Торгни улетучился, но со мной старший помощник еще не закончил. «В этих водах полно акул, мистер Щелкопер. Следуют за судами, лакомятся отходами, что выбрасывают за борт. Однажды я видел, как они ели одного пассажира. Он, подобно вам, пренебрегал своей безопасностью, вот и свалился за борт. Мы слышали его вопли. Большие белые играют со своим обедом, поглощают его не спеша, то ногу отхватят, то еще какой-нибудь кусочек, и этот жалкий м-к оставался в живых дольше, чем вы смогли бы поверить. Подумайте над этим». Он закрыл дверь моего гроба. Бурхаав, как и все громилы и тираны, гордится самой своей омерзительностью, делающей его притчей во языцех.
Суббота, 16 ноября
Судьба наградила меня величайшей неприятностью за все время моего вояжа! Мне доверилась тень старого Рекоху, единственными помыслами которого являются бесшумность и осторожность посреди поругания, обусловленного подозрениями и сплетнями. Однако я не виновен ни по единому пункту, если не считать христианского смирения и непротивления невзгодам! Месяц миновал с того дня, как мы отплыли из Нового Южного Уэльса и я написал эти беззаботные слова: «Предвижу бедное событиями, томительное и скучное путешествие». Теперь эта фраза выглядит насмешкой! Мне никогда не забыть последних восемнадцати часов, но, поскольку я не могу ни спать, ни думать (а Генри уже лег), с бессонницей мне остается бороться лишь одним способом: клясть свою Судьбу на этих жалостливых страницах.
Накануне вечером я вернулся в свой гроб усталым как собака. Помолившись и задув лампу, я лег и, убаюканный мириадами корабельных голосов, погрузился было в мелководье сна, как вдруг хриплый голос – внутри моего гроба! – испугал меня так, что сна как не бывало! «Мисса Юинг, – настойчиво умолял этот шепот, – не бойтесь! Мисса Юинг – нет вреда – нет кричать, пожалуйёста, сэр».
Я непроизвольно подпрыгнул и ударился головой о шпангоут. В двойном мерцании – янтарном свете, льющемся сквозь щели между проемом и плохо к нему прилаженной дверью, и свете звезд, проникающем через иллюминатор, – увидел я, как сам собой разматывается змеевидно уложенный канат и из него высвобождается черная фигура, словно мертвец при звуке Последней Трубы!

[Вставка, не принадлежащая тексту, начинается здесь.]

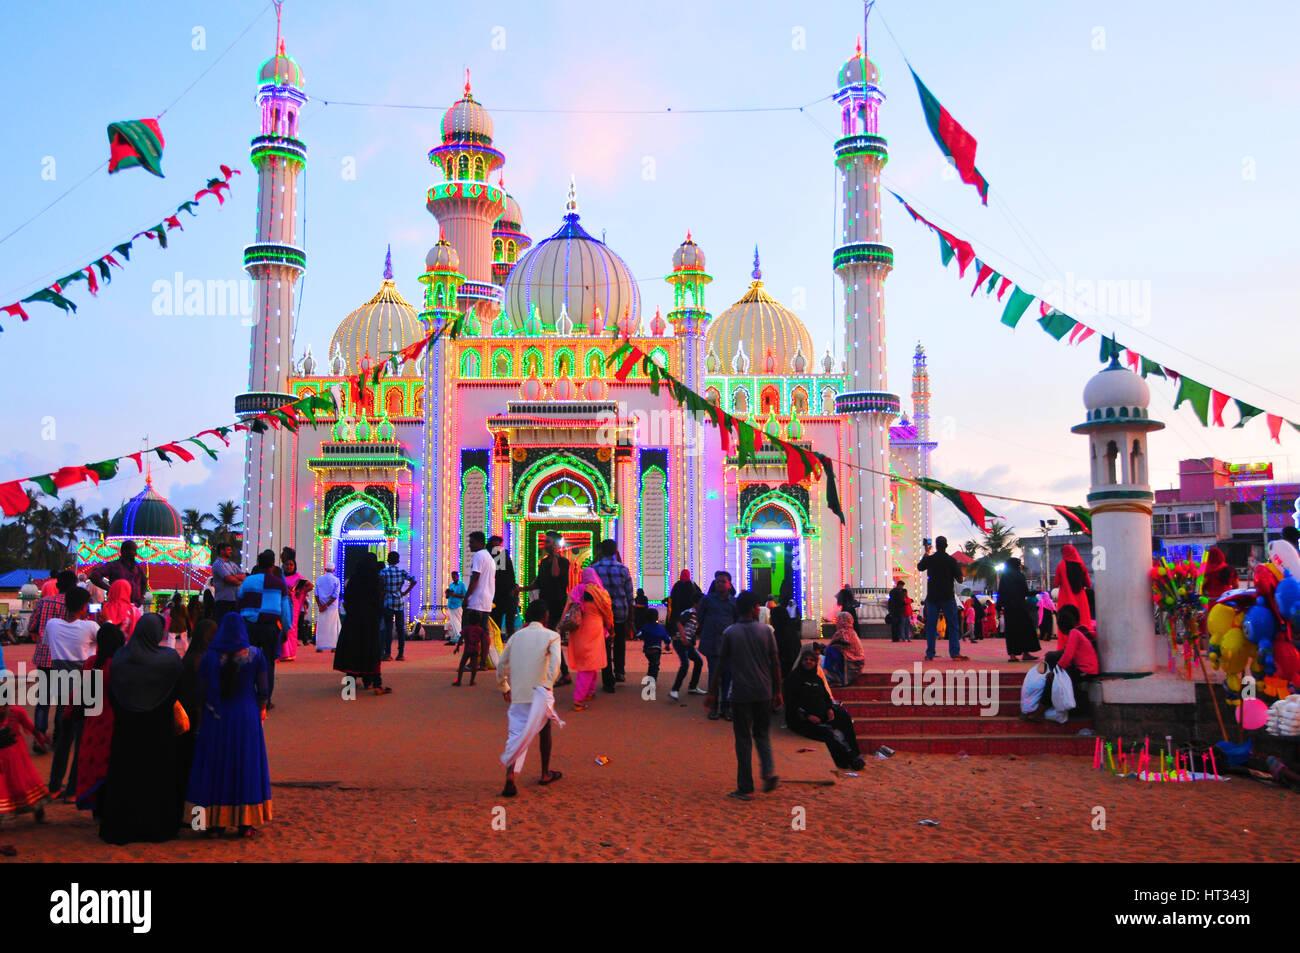 L'État du Kerala, en Inde. 7 mars 2017. Beemapally est décoré avec des lumières colorées Photo Stock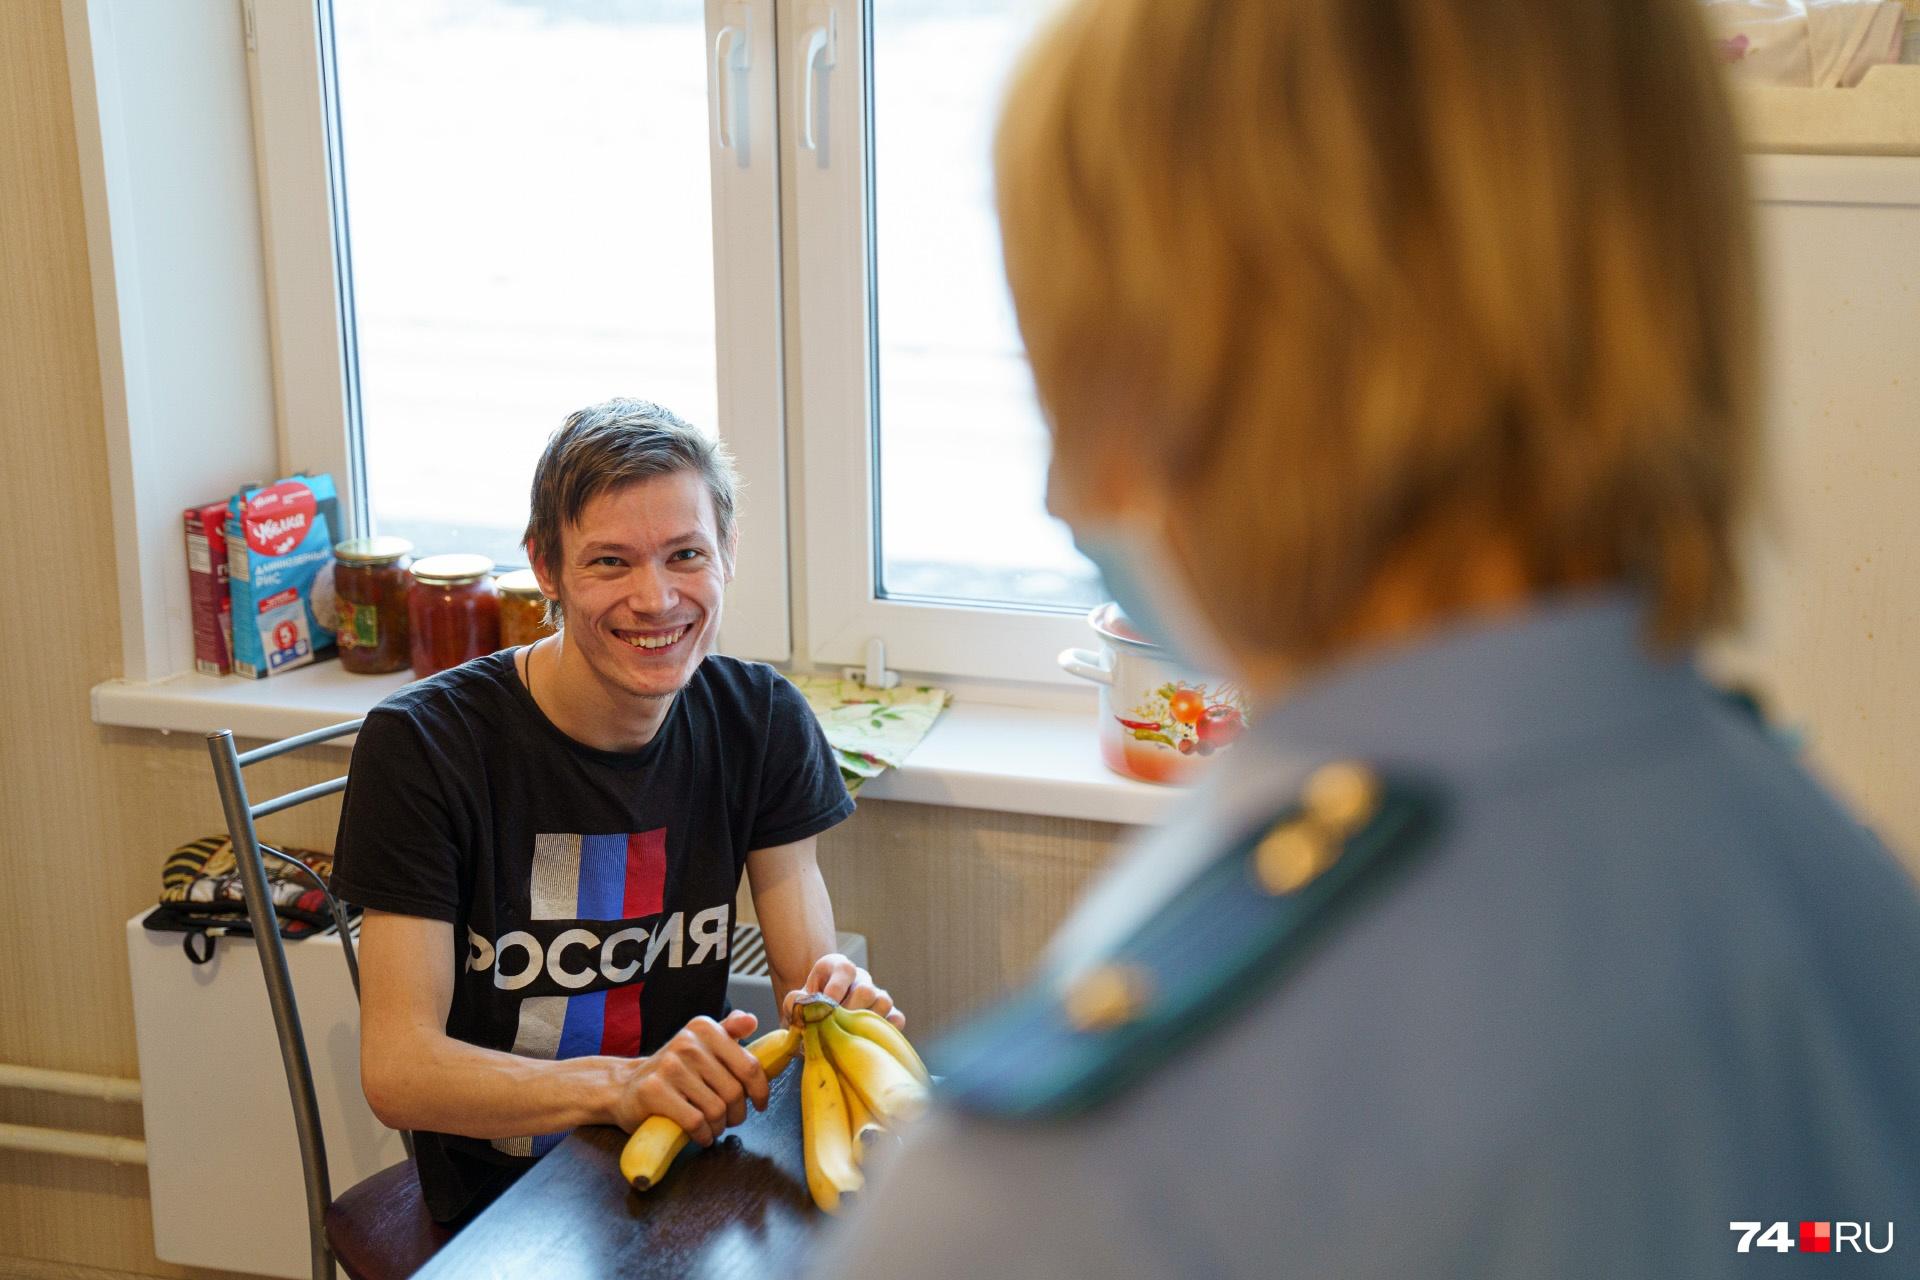 Вопреки всему Олег не перестает улыбаться

Могучая рука, казалось, проплыла через тьму и запечатала мне рот, прежде чем я сумел закричать! Напавший прошипел: «Мисса Юинг, нет вреда, вы безопасны, я друг мисса д'Арнок, – вы знать, он христианин, – пожалуйста, тихо!»
Разум наконец ополчился против моего испуга. Не дух, а человек прятался в моем помещении. Если бы он хотел перерезать мне глотку ради моей шляпы, башмаков и бумажника, я был бы уже мертв. Если мой тюремщик был безбилетником, то не я, а он рисковал жизнью. Благодаря его неправильному говору, его слабо видимому силуэту и его запаху интуиция подсказывала мне, что безбилетник был индейцем, единственным на корабле с пятьюдесятью белыми. Очень хорошо. Я медленно покивал в знак того, что кричать не буду.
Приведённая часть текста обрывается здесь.